On 1 May 1889 a young boy, aged 8, might have been seen climbing the steps of the Choir School, in his own words, “feeling as though I were going to my execution”. His name was James Healey Willan and he was to play a major role in the development of music in Canada for more than 50 years. As a teacher and organist-choirmaster at St Mary Magdalene’s Toronto, he inspired generations of singers, musicians and composers. As a composer he created some 800 works, including operas and symphonies, as well as organ, piano, chamber, vocal and band music. Willan was born in Balham, London.

From a very early age his love of music, especially church music and liturgy, shone through. He was learning the piano at 5, and he later said, “I could read music before I could read words.” By the time he was 6, when the family was living in Beckenham, he would slip out of the back door of his house and go over to the church to hear the organist practising every day from noon to one o’clock. By 1889 the family had moved to Eastbourne.

On that day in May 1889 he was auditioned by Dr Sangster, who having established him as a second soprano, gave him that part of the final chorus of S S Wesley’s ‘The Wilderness’ to sight read! Willan passed easily and was admitted as a probationer. On Advent Sunday he was made a full chorister after 6 months instead of the usual 12-a school record. There were 30-40 boys in the school, receiving instruction in English, maths, history and classics as well as a daily choir rehearsal. Each day they would sing Evensong at 5 o’clock. Some of the boys, Willan among them, also studied harmony, counterpoint and organ with Sangster. Willan was regarded as an excellent scholar and his musical studies progressed rapidly; by 10 he had composed a March in A for piano, playing it in a school concert. At 11 he was proficient enough to play the organ at Evensong. Willan was then entrusted with some choir practices. Older boys resented being corrected by a younger boy and he was often set upon afterwards.

The Headmaster appointed Willan ‘choir monitor’ a personal representative of the Headmaster who must not be subject to any physical violence! He soon reached the top post, that of ‘Doctor’s boy.’ “I had to be at church well ahead of whenever Dr Sangster was to play, find his places, dust the keys and prepare everything for him so that all he had to do was sit down and doodle.” At Christmas 1893 Willan received the first English prize of a book of Thomas Hood’s poetry; his first five songs,1899, were to poems by Hood.

When he was 14 or 15 Willan’s voice broke but he was so useful to Sangster that he was kept on for another year. When he left Sangster said, “Well Willan, I’m sorry you’re going. I’ll miss you. You never had a great voice, but you never missed a lead”. Throughout his life Willan delighted in quoting this remark!

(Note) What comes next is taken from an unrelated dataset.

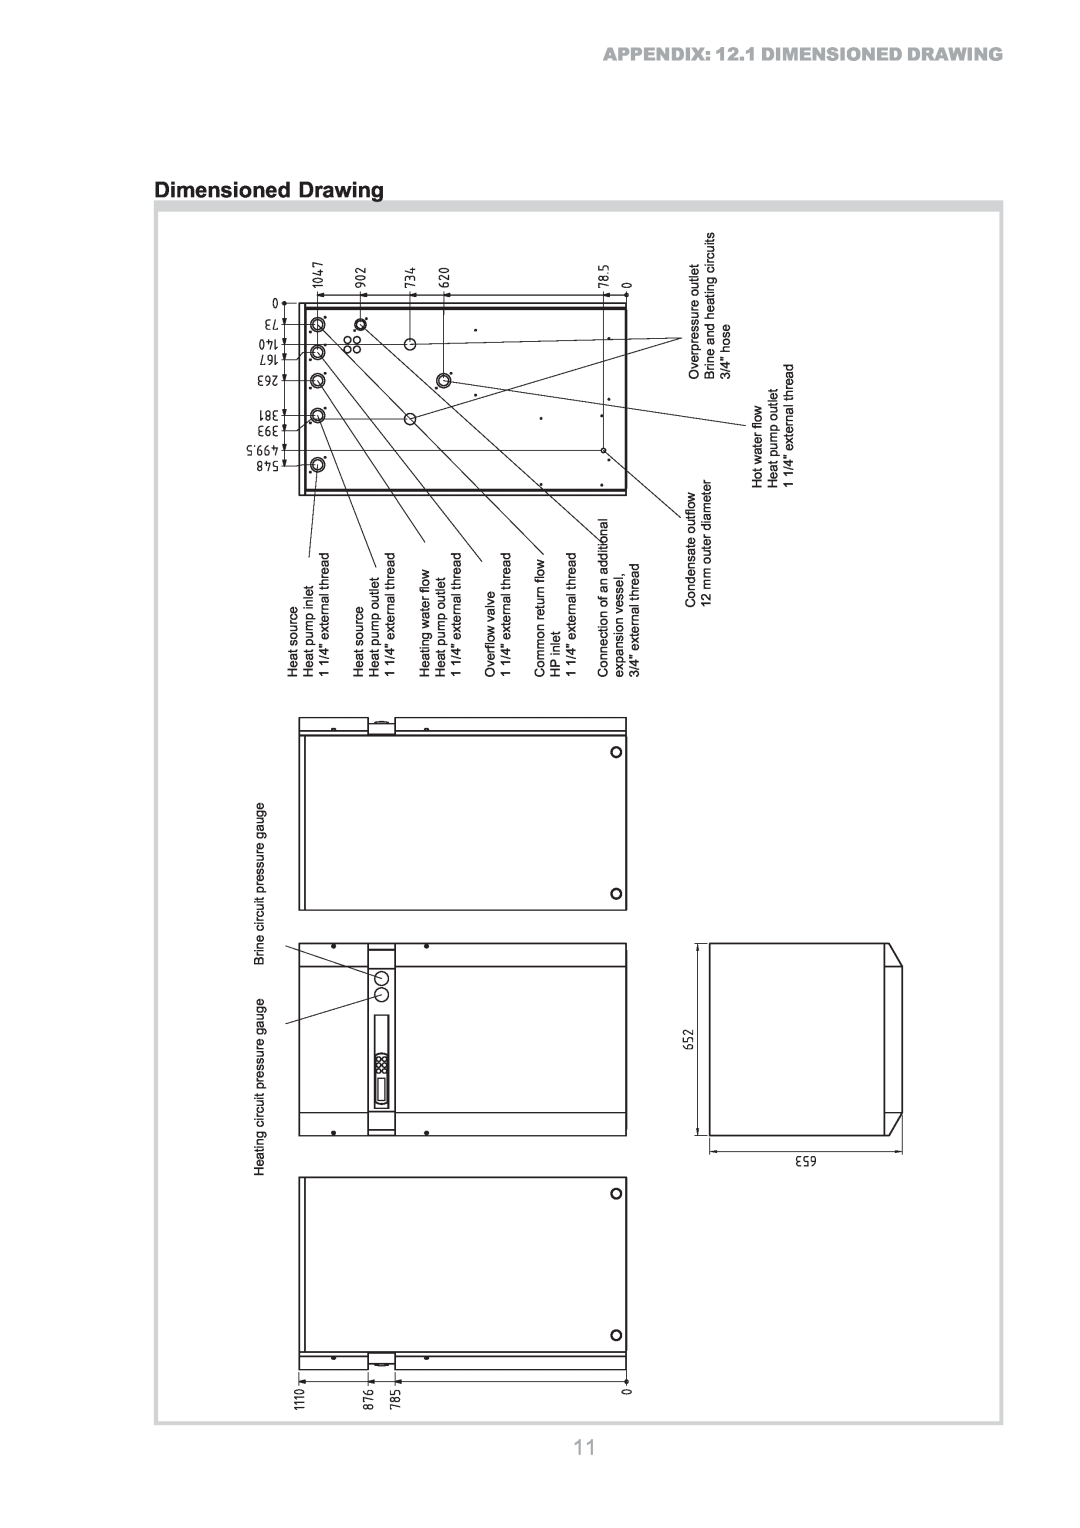 Dimplex S1 7KS operating instructions Dimensioned Drawing, 12. 1 Maßbilder, APPENDIX 12.1 DIMENSIONED DRAWING 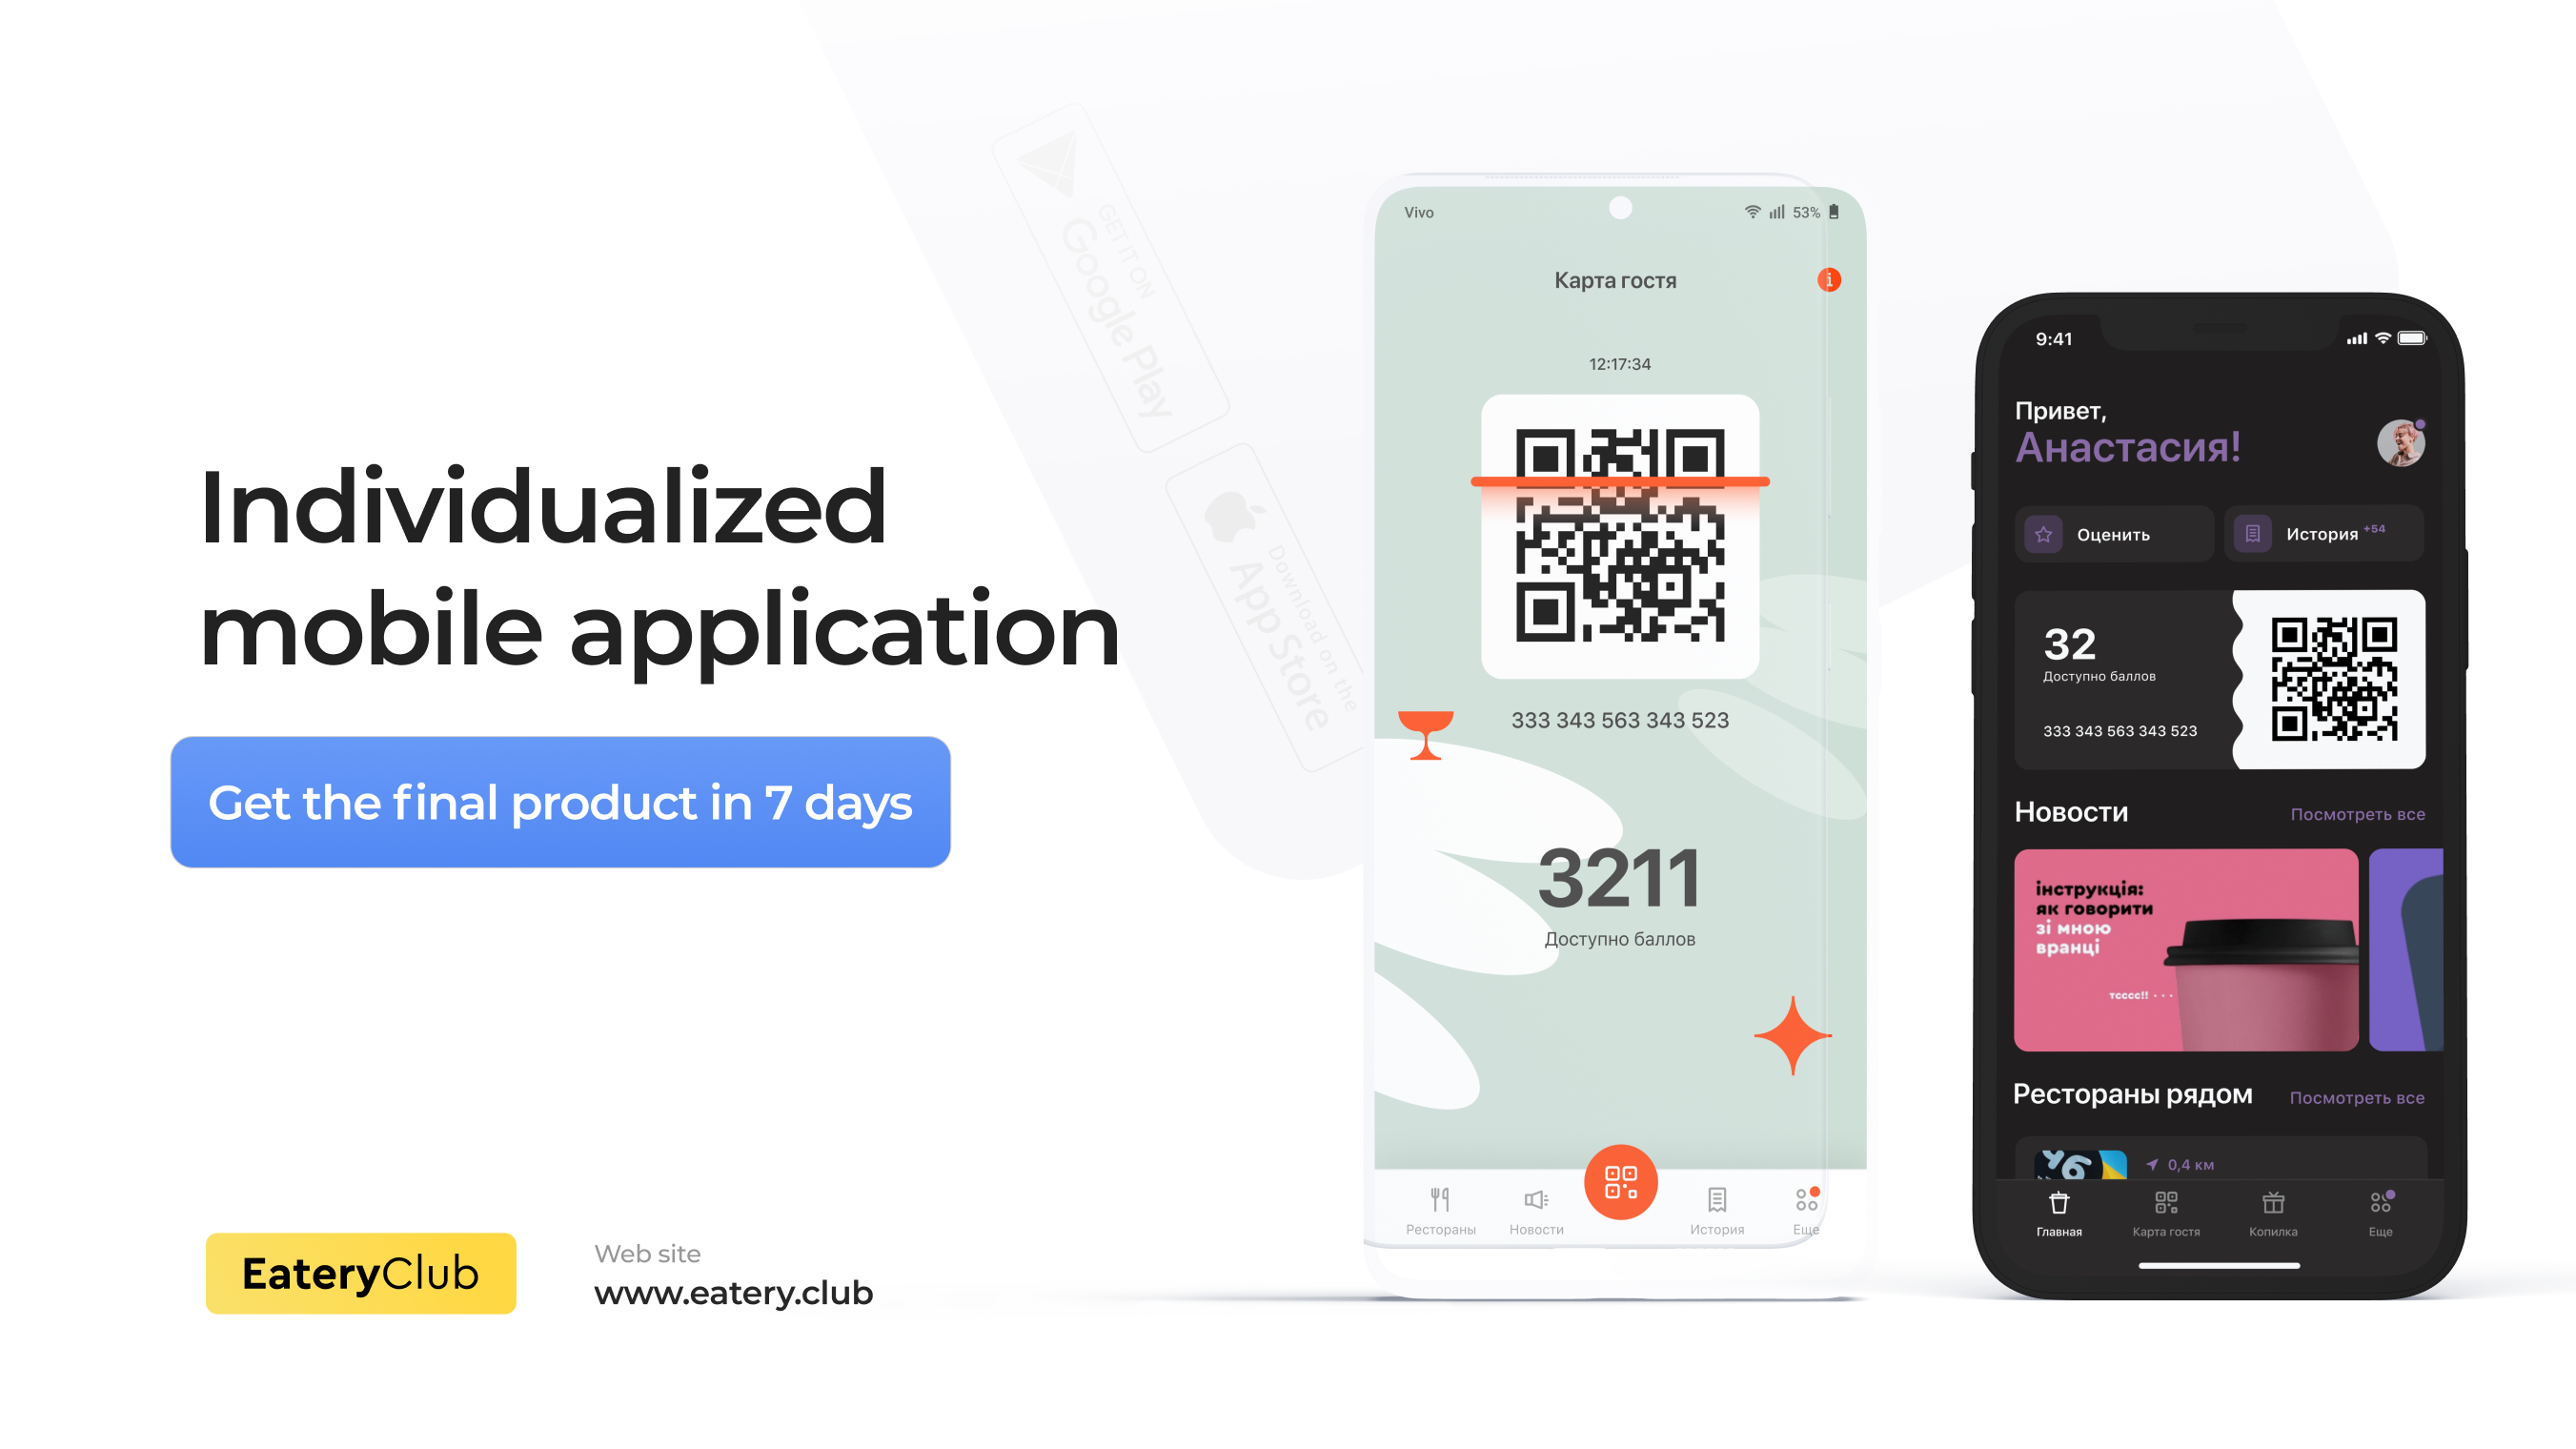 Personalized mobile application in 7 days

Willan firmly believed that he had received the finest training possible and that a choir school education was the best. Willan  admired  Sangster’s noble playing of Bach and received from him a solid grounding in service playing.

Willan speaks of his education at the Choir School, saying it was there he ‘learned his trade’ and developed his knowledge and appreciation of the C of E and its heritage. There is no doubt that it had a profound influence upon him and his work for the Church and church music for the rest of his life.